You can also scan in 48-bit color and then use only the green channel (or whichever channel looks best to you.)
That's the best advice. The green channel on the V700 has the least noise and best sharpness.
it is, and it can be good advice if you can't for some reason do 16 bit grey scale
I'm sure you'll find that the greyscale scan is the green channel.
Now if you are scanning a large neg with a high DPI a colour scan then you may take quite a memory hit to do this (say a sheet of 4x5 at 2400dpi), then there will be the time taken to then split channels and drop the red and blue.
but aside from that ...
Greyscale isn't the green channel....I've compared.
ok ... interesting.Pellicle, my comparisons are on the V700. ...
Were you disagreeing?
Hi David
ok ... interesting.
nope, I don't have access to a V700, so the last thing I'm about to do is tell someone who has one about it when I don't have one.
I'm sort of interested in upgrading to the V700 but I'm unsure if its a step above the 4990 ... I don't find the 4990 to be any "great shakes" over the 4870 so if the V700 was only going to be that then I probably wouldn't bother.
Sandy has mentioned that one has to scan at the highest res to get the "better optic" to engage, which is annoying for me as I don't want to have to scan 4x5 at 7200dpi (then back sample) just to get at the higher optic and an effective ~3000dpi image anyway ... the memory requirement is horrific.
There have been some other things I've learned about the 700 however which do make it attractive.
May I ask how you checked if was or was not the green channel?
>>one has to scan at the highest res to get the "better optic" to engage, which is annoying for me as I don't want to have to scan 4x5 at 7200dpi<<
You switch between the optics via the software settings. "Film with film holder" enables the "better" lens, "Film with film area guide" uses the lens that focuses at the scanner glass but also has a wider field of view.

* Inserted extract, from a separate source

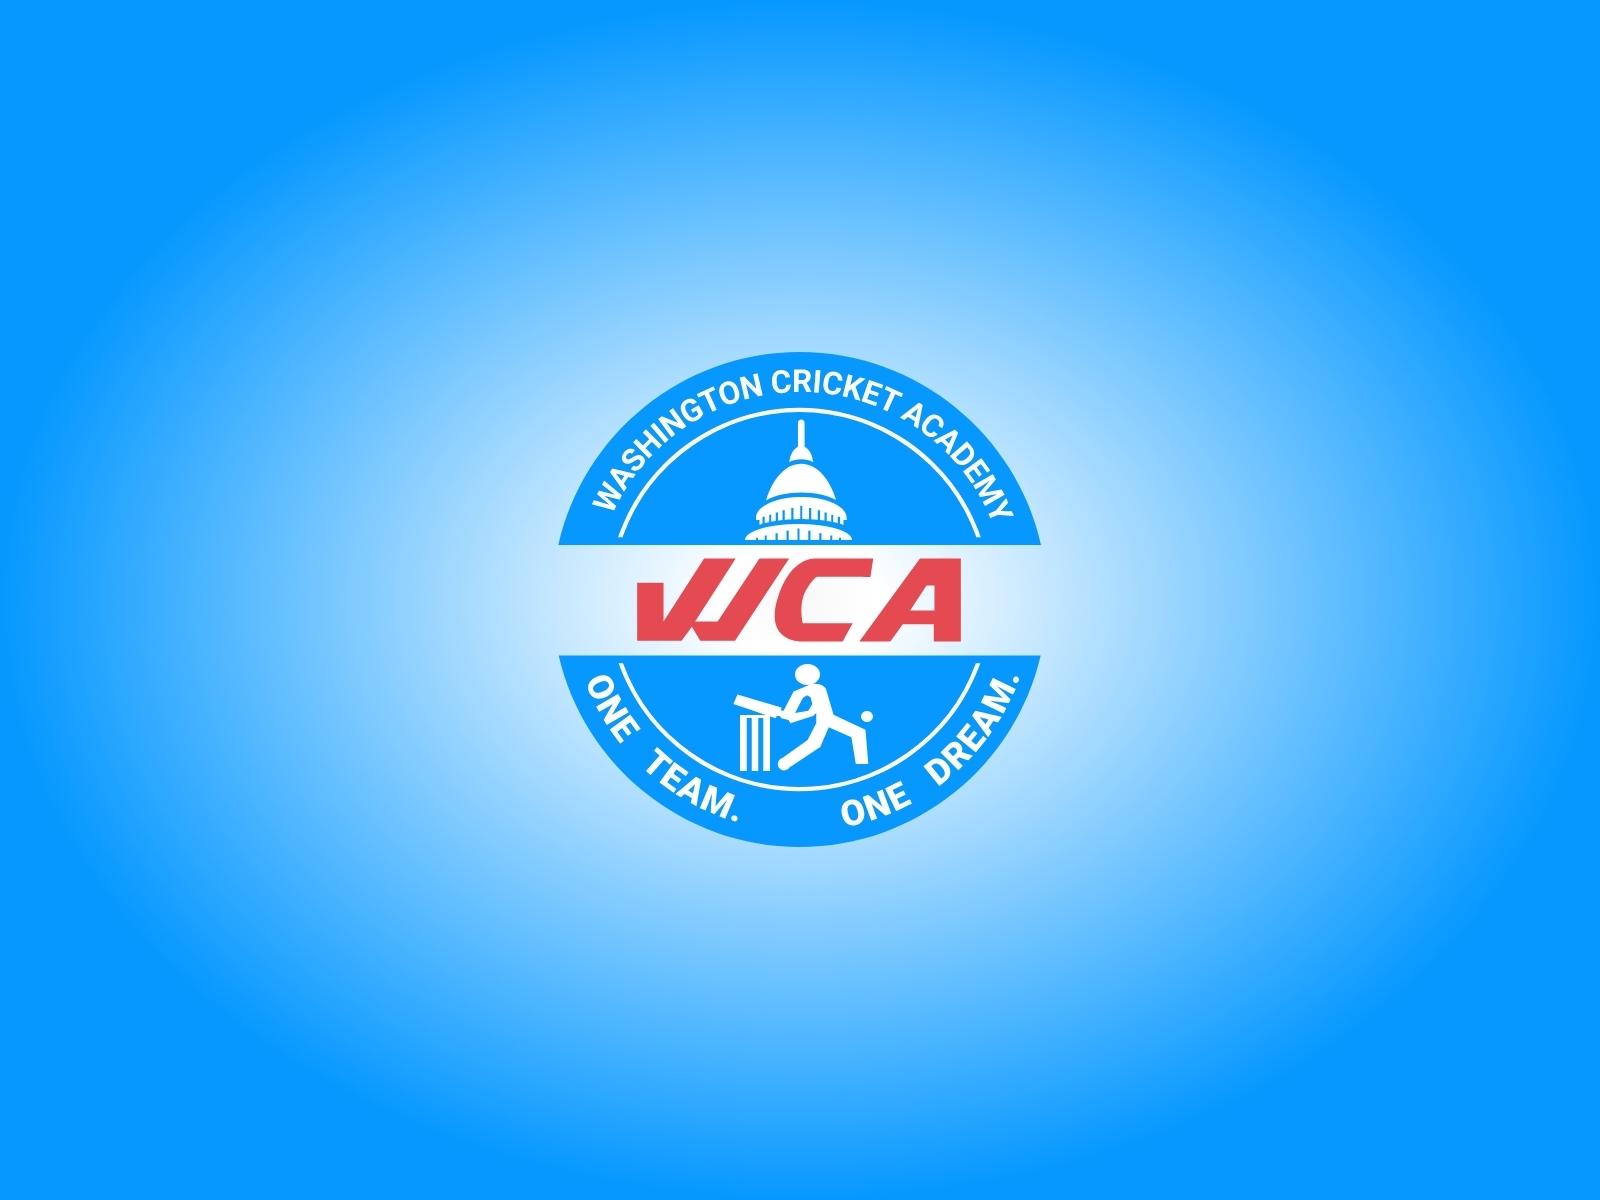 Washington Cricket Academy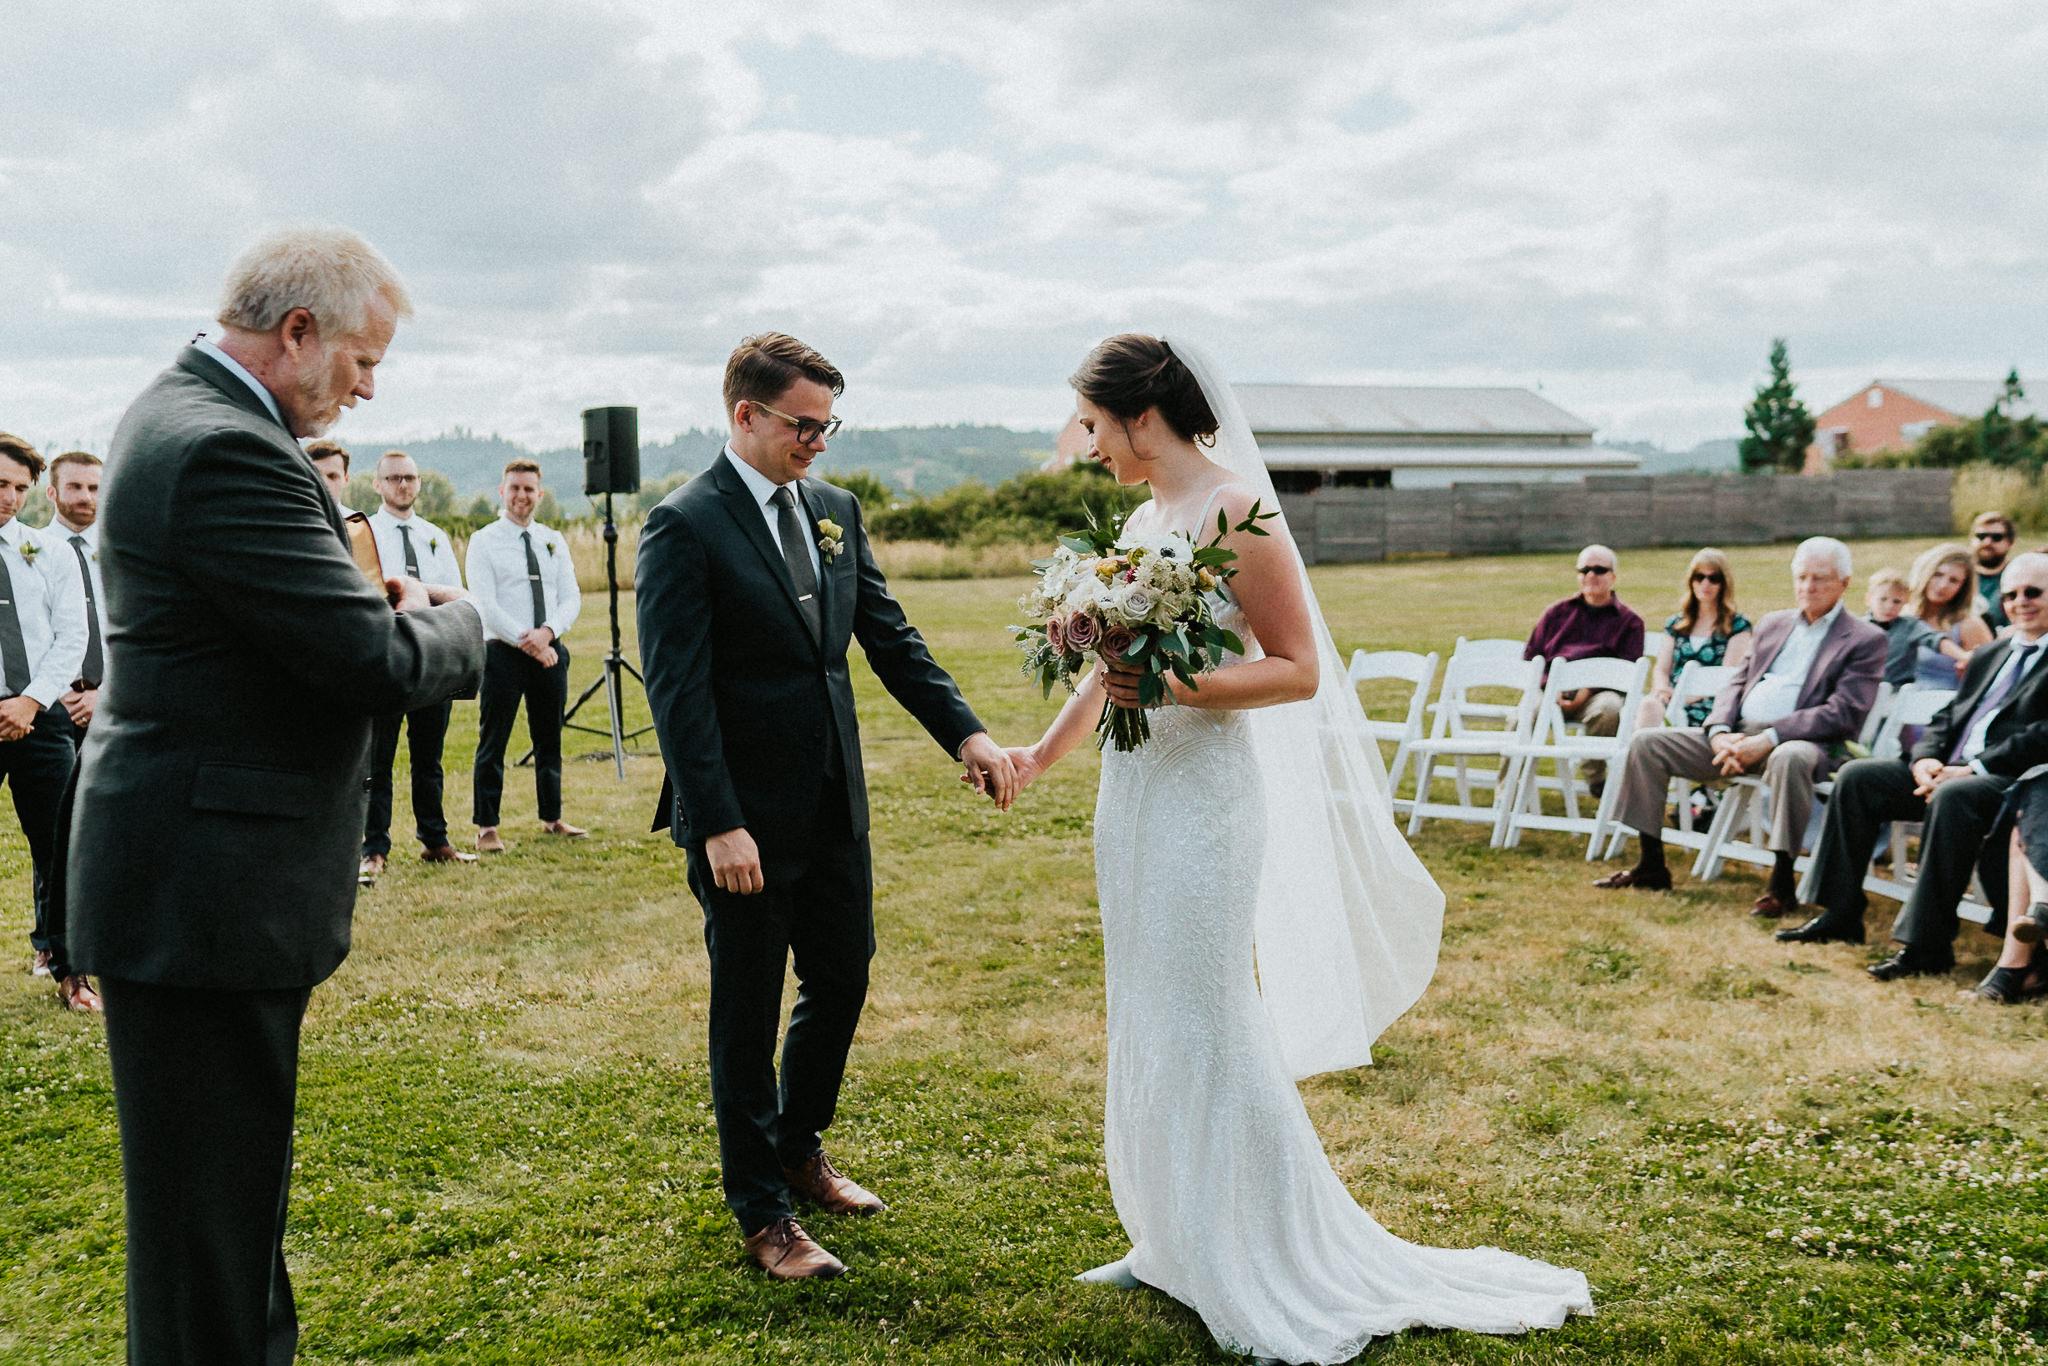 Groom receive bride Wedding Photography Alter Water Oasis venue

in all cases it seems from your posts that you are so analytic or strict about any technology and you don't go with anything without you are so sure it is worthy, i agree but to limits,
Hi
perhaps I too feel the same, but have a higher point of diminishing return on analysis compared to you. I'm an impulse buyer on other things (cheap 35mm lenses for my G1 and power tools for my house renovations being some). I don't think I've invested much time in this process (analysis of the V700, but perhaps spent more in justifying / explaining / demonstrating that I have thought about it (making it seem like I do).
If you have a spare 700 dollars to toss my way I won't hesitate and will just pick up a V700 the day after it arrives.
Mean time (for me) that represents a Nikkor SW 90mm f8 lens which I would like to add to my 4x5 system. If the 700 is "a bees dick" better than my 4990 (already quite good) then its not worth it ...
Hi David
ok ... interesting.
nope, I don't have access to a V700, so the last thing I'm about to do is tell someone who has one about it when I don't have one.
I'm sort of interested in upgrading to the V700 but I'm unsure if its a step above the 4990 ... I don't find the 4990 to be any "great shakes" over the 4870 so if the V700 was only going to be that then I probably wouldn't bother.
Sandy has mentioned that one has to scan at the highest res to get the "better optic" to engage, which is annoying for me as I don't want to have to scan 4x5 at 7200dpi (then back sample) just to get at the higher optic and an effective ~3000dpi image anyway ... the memory requirement is horrific.
There have been some other things I've learned about the 700 however which do make it attractive.
May I ask how you checked if was or was not the green channel?
I compared a grey scale scan to an RGB scan looking at the green channel.